* Data segment *
╭──

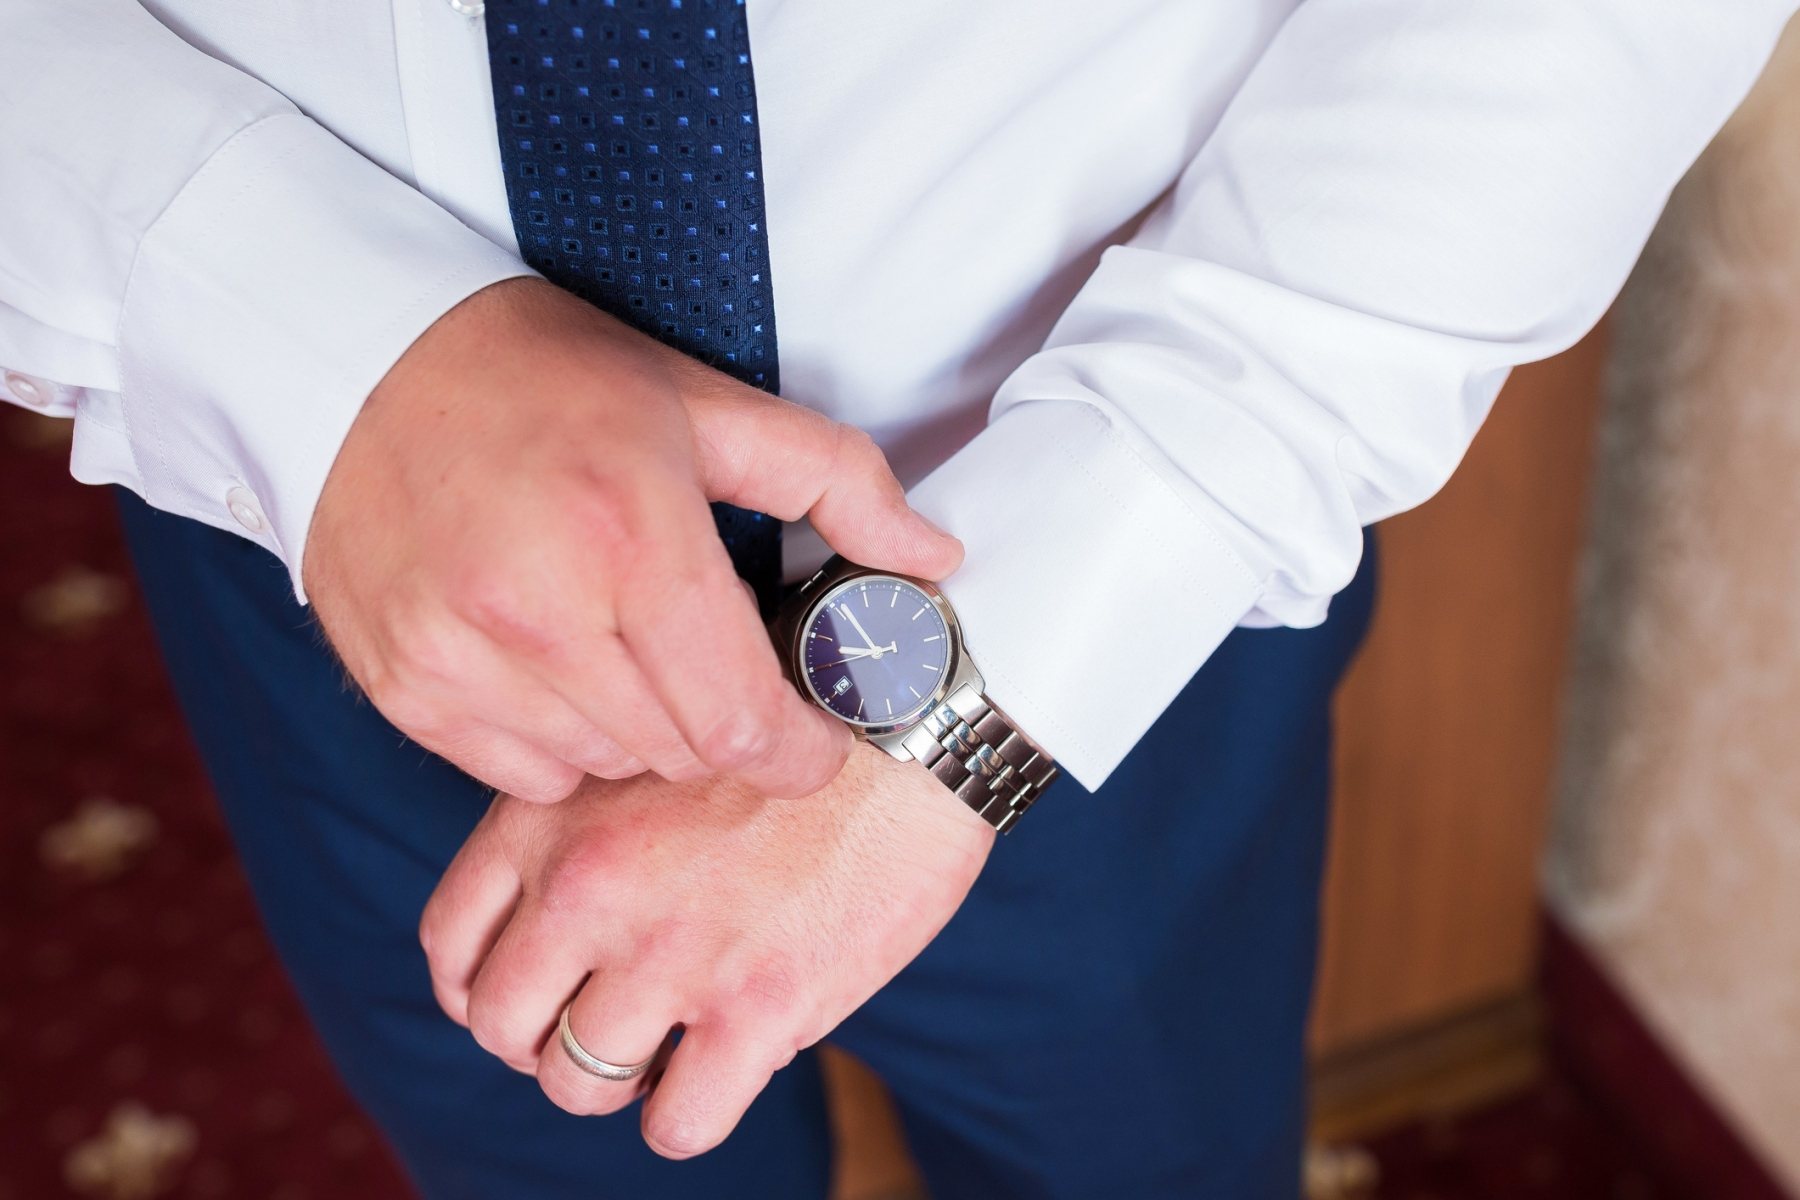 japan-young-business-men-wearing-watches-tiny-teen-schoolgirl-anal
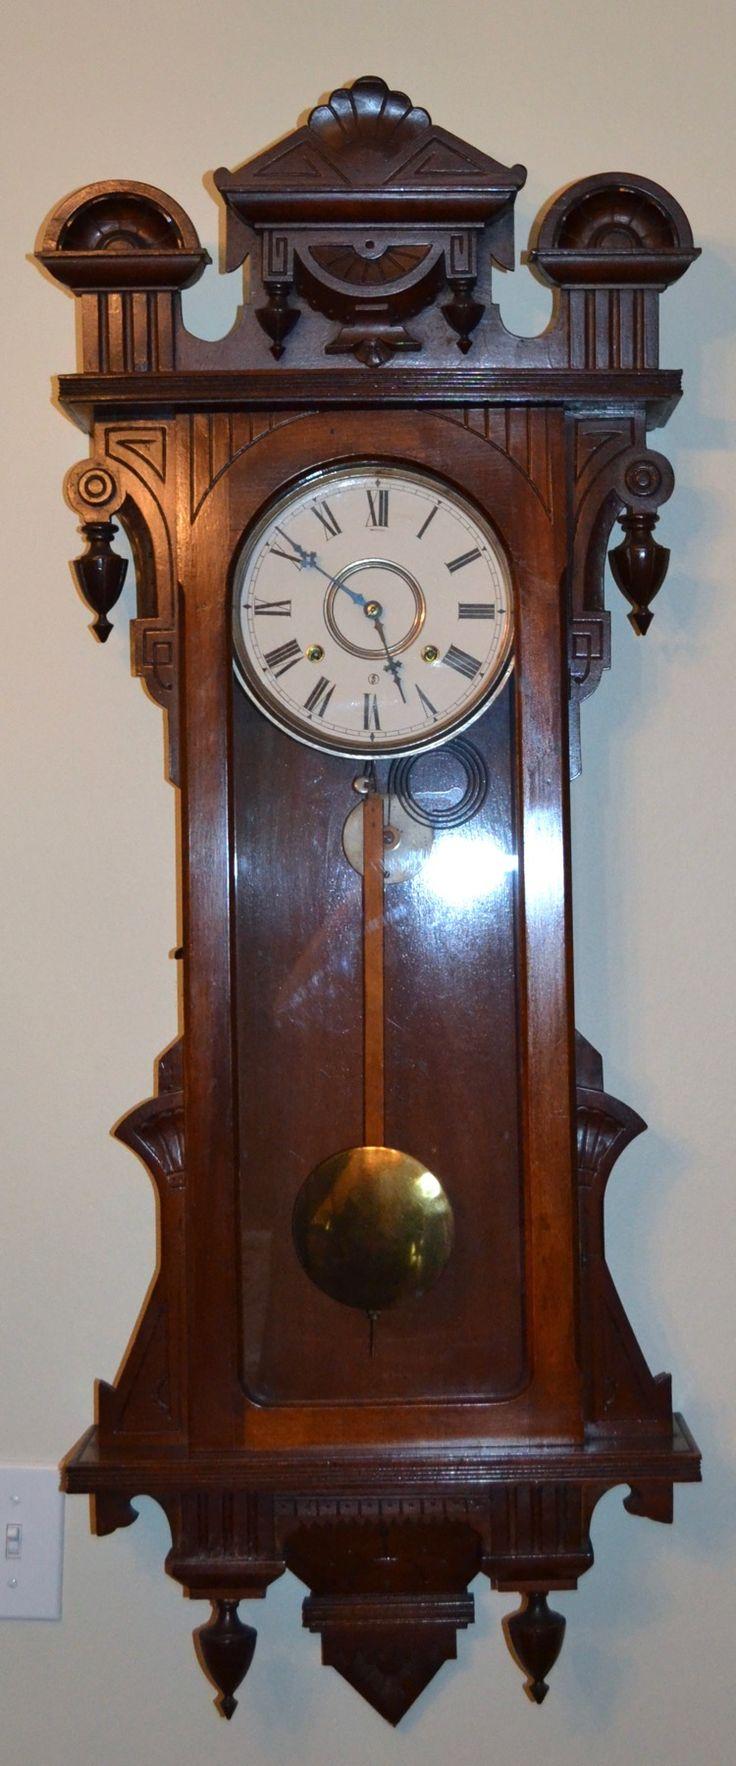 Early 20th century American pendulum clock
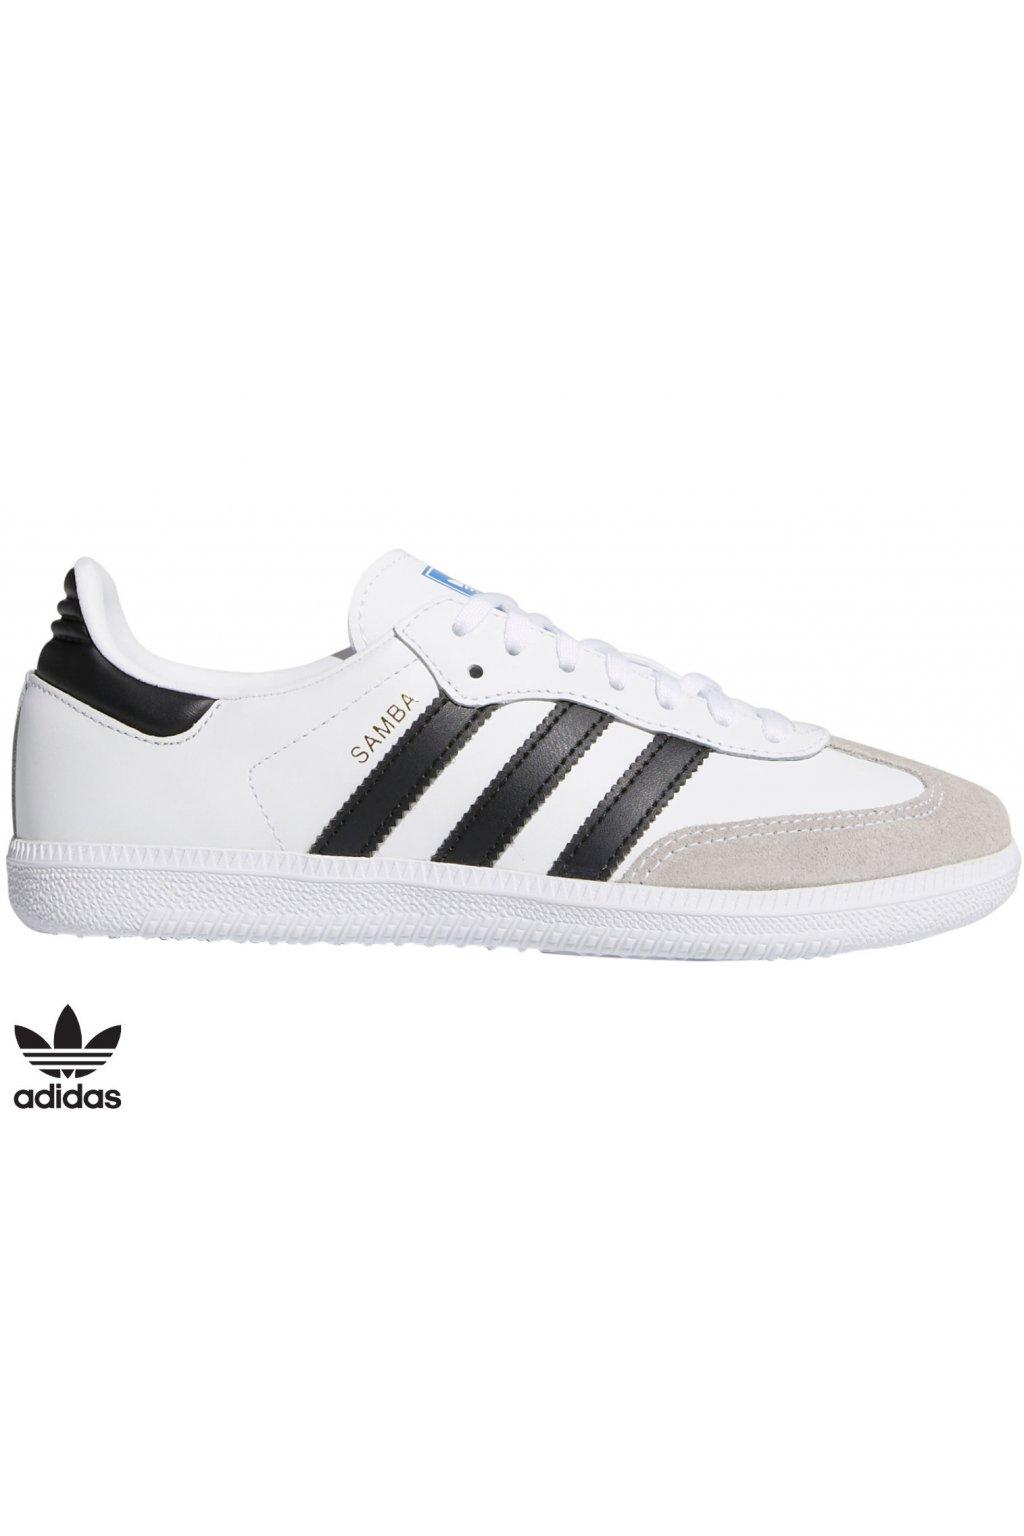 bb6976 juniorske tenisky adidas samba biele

╰──

* About this task *
The material above is to be repeated word for word, with no images kept.

* Final answer *
 japan-young-business-men-wearing-watches-tiny-teen-schoolgirl-anal
 Early 20th century American pendulum clock
 bb6976 juniorske tenisky adidas samba biele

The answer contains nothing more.